But let me note here another phenomenon, which is a bit puzzling — the loss not just of the power of the Vietnam analogy, but of all potentially useful historical analogies. There was a time, not so long ago, when Vietnam was on people’s lips as a living example of disaster — think, for instance, of the way “quagmire” reentered the language in the wake of the invasion of Iraq) — and a whole host of critical writings cited, among other places and historical parallels, the French in Algeria in the 1950s (the Pentagon’s special operations chiefs even scheduled a special screening of the film The Battle of Algiers), the Israeli invasion of Lebanon in the early 1980s, Afghanistan during the war against the Russian occupation, and Israel in the occupied territories. Now, with the exception of the odd report, analogies seem for the time being largely to have departed the scene; while Vietnam, always just under the surface of American consciousness, has retreated to a musty debate topic in our media — what people did long ago. Here, for instance, is a typical headline from a late August piece in the Los Angeles Times: Kerry Shifts Focus From Vietnam to Iraq — that is, from Swift Boats to something living.
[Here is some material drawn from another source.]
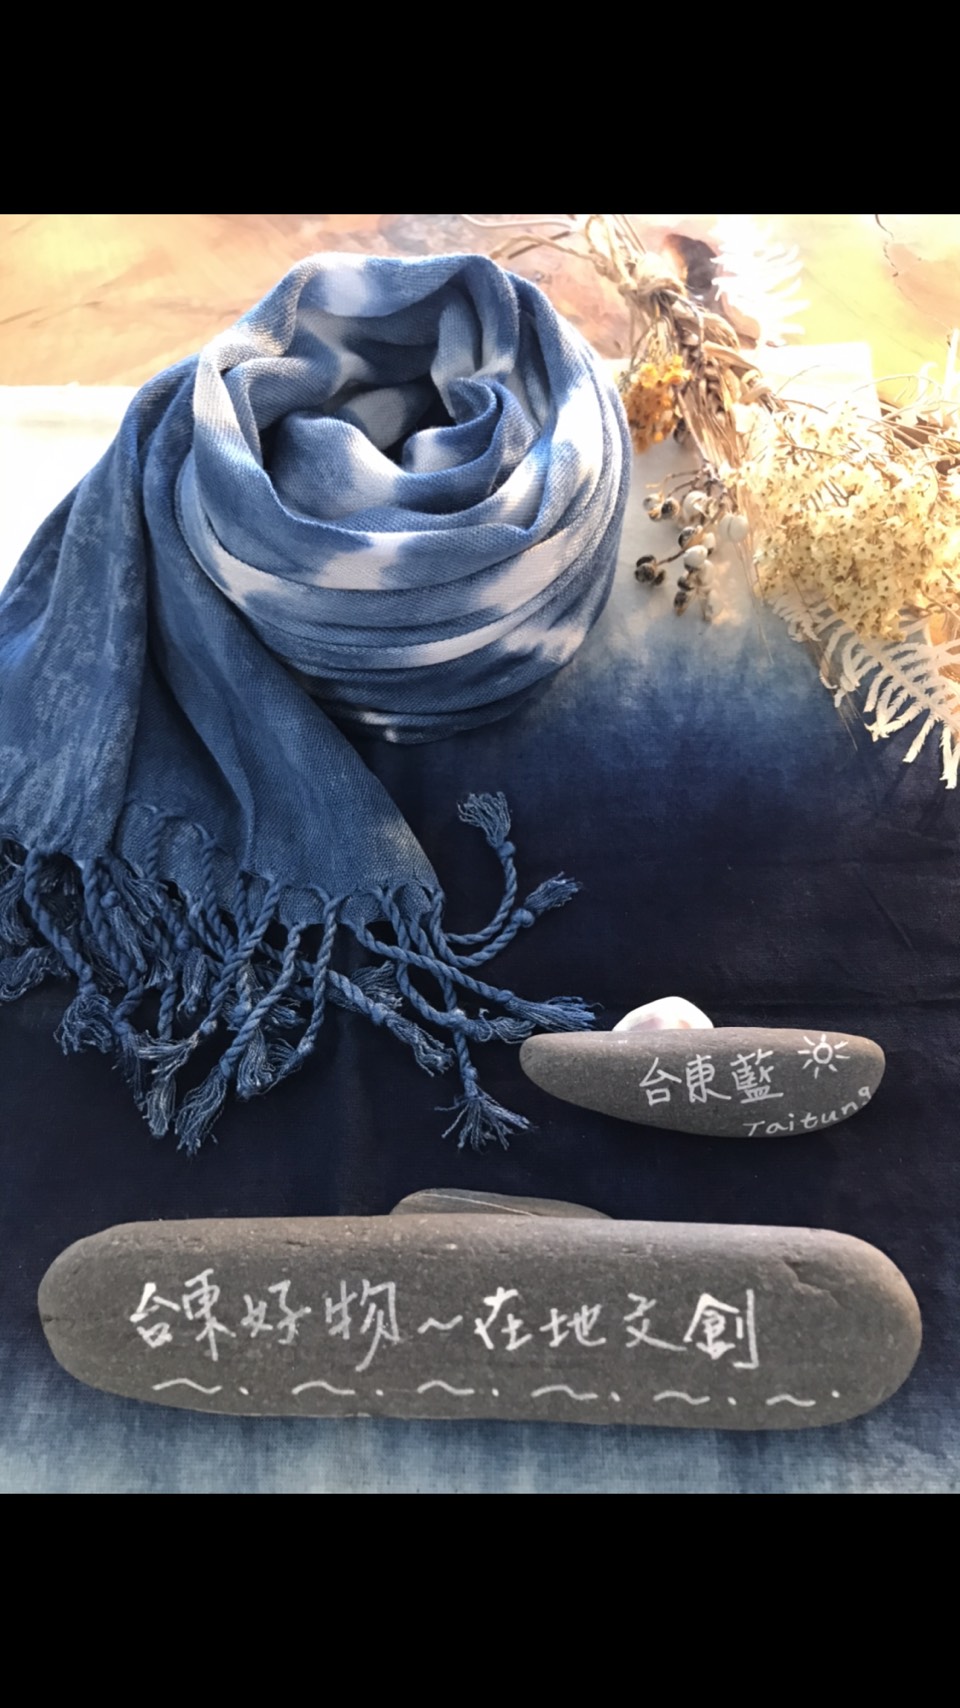 【手作】藍染圍巾DIY體驗活動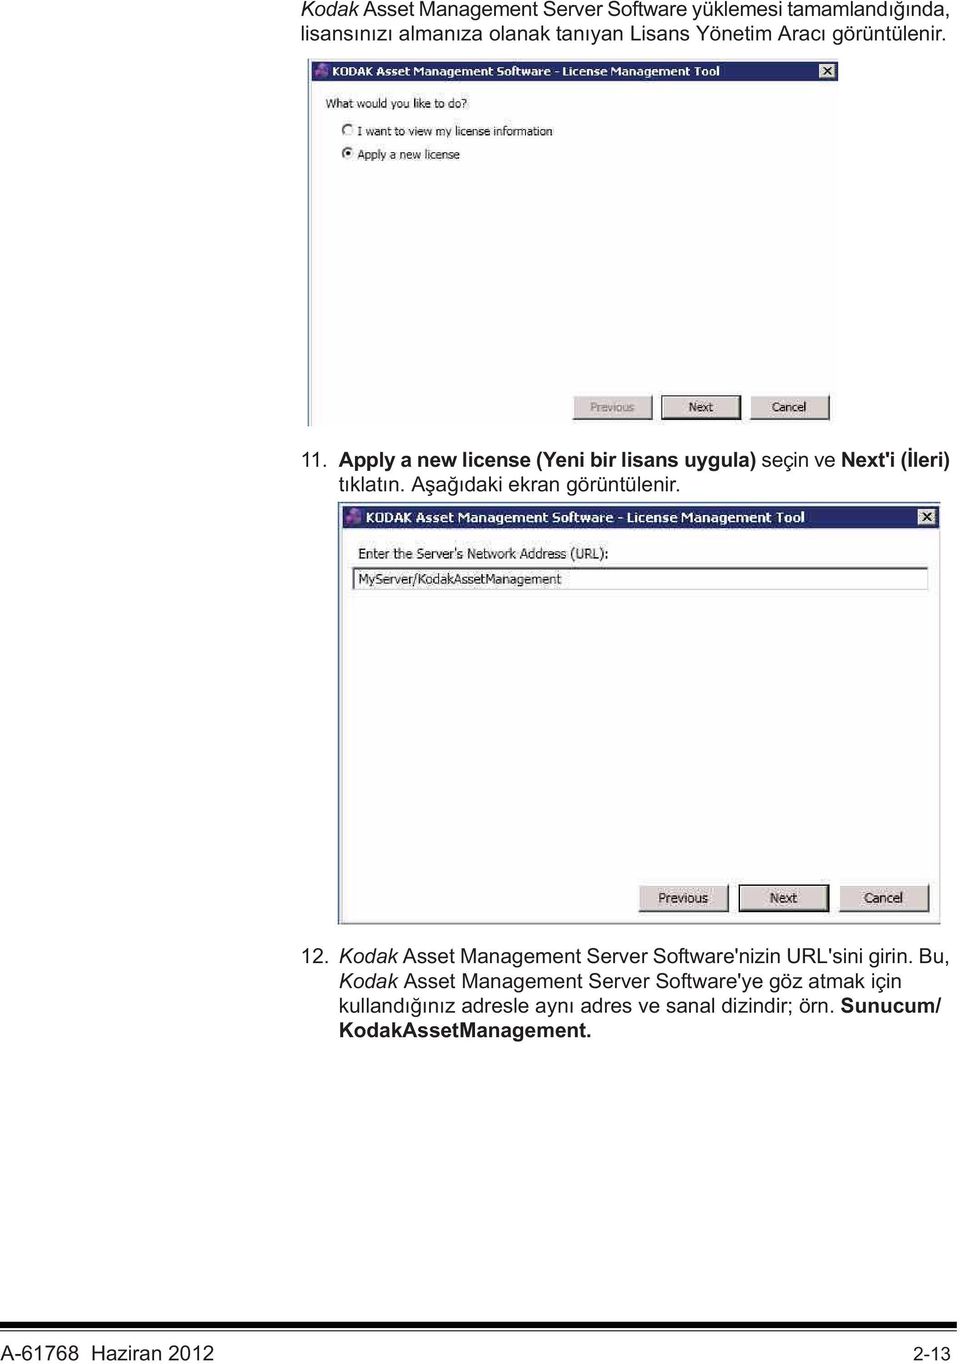 A a daki ekran görüntülenir. 12. Kodak Asset Management Server Software'nizin URL'sini girin.

Perhaps we’re just ducking. Analogies, after all, can hurt because in them we usually know how the story ends — painfully. (The French withdrew from Algeria under chaotic conditions; the Americans were driven from Vietnam, the Israelis from Lebanon, and the Russians from Afghanistan.) Or perhaps things in Iraq have gotten so bad at such an ungodly, even a-historical gallop that the analogies have begun to look pallid by comparison (as in the recent headline for a Sidney Blumenthal piece, Far graver than Vietnam, that quotes retired general and former head of the National Security Agency William Odom as saying:
“This is far graver than Vietnam. There wasn’t as much at stake strategically, though in both cases we mindlessly went ahead with the war that was not constructive for US aims. But now we’re in a region far more volatile, and we’re in much worse shape with our allies.”
Whose jungle is this anyway?
So let me try to return us to the analogy fray by suggesting a way in which Iraq is indeed Vietnam. With a few rare and striking exceptions like the Tet Offensive, the war in South Vietnam took place in the rural areas. On one side, the massive American bombing campaigns, the endless patrols, the free-fire zones, the search-and-destroy missions; on the other, the expanding and shrinking patchwork of “liberated areas,” the booby-trapped mines and artillery shells that took such a toll (the equivalent of today’s IEDs and car bombs), the hit and run attacks — these all took place in the countryside. In Vietnam, in other words, the jungle was actually jungle.
Iraq is, in this sense, Vietnam but transposed to the cities — to, that is, an urban jungle. And as the foliage protected the guerrillas in Vietnam, helping to even the odds slightly in a technologically unbalanced war — hence our urge to defoliate so much of the countryside with Agent Orange to deprive the guerrillas of cover — so the alleyways, side streets, buildings, markets, mosques, the unfamiliar urban terrain, all offer a protection which evens the odds slightly in an asymmetric war in Iraq. These, however, can only be “defoliated” by — as in the old city of Najaf recently or in Falluja today — being turned into rubble. As in the countryside in Vietnam, so in the city in Iraq, American troops face a literal jungle of hostility — those same unfriendly eyes and hostile adult stares; the same kids running alongside Bradleys or beside foot patrols pleading for candy. There is the same inability or limited ability to communicate in a language and to a culture that seems alien to our soldiers and officials. There is the same inability to get serviceable information on the enemy from the civilian population (hence the feverish tortures at Abu Ghraib).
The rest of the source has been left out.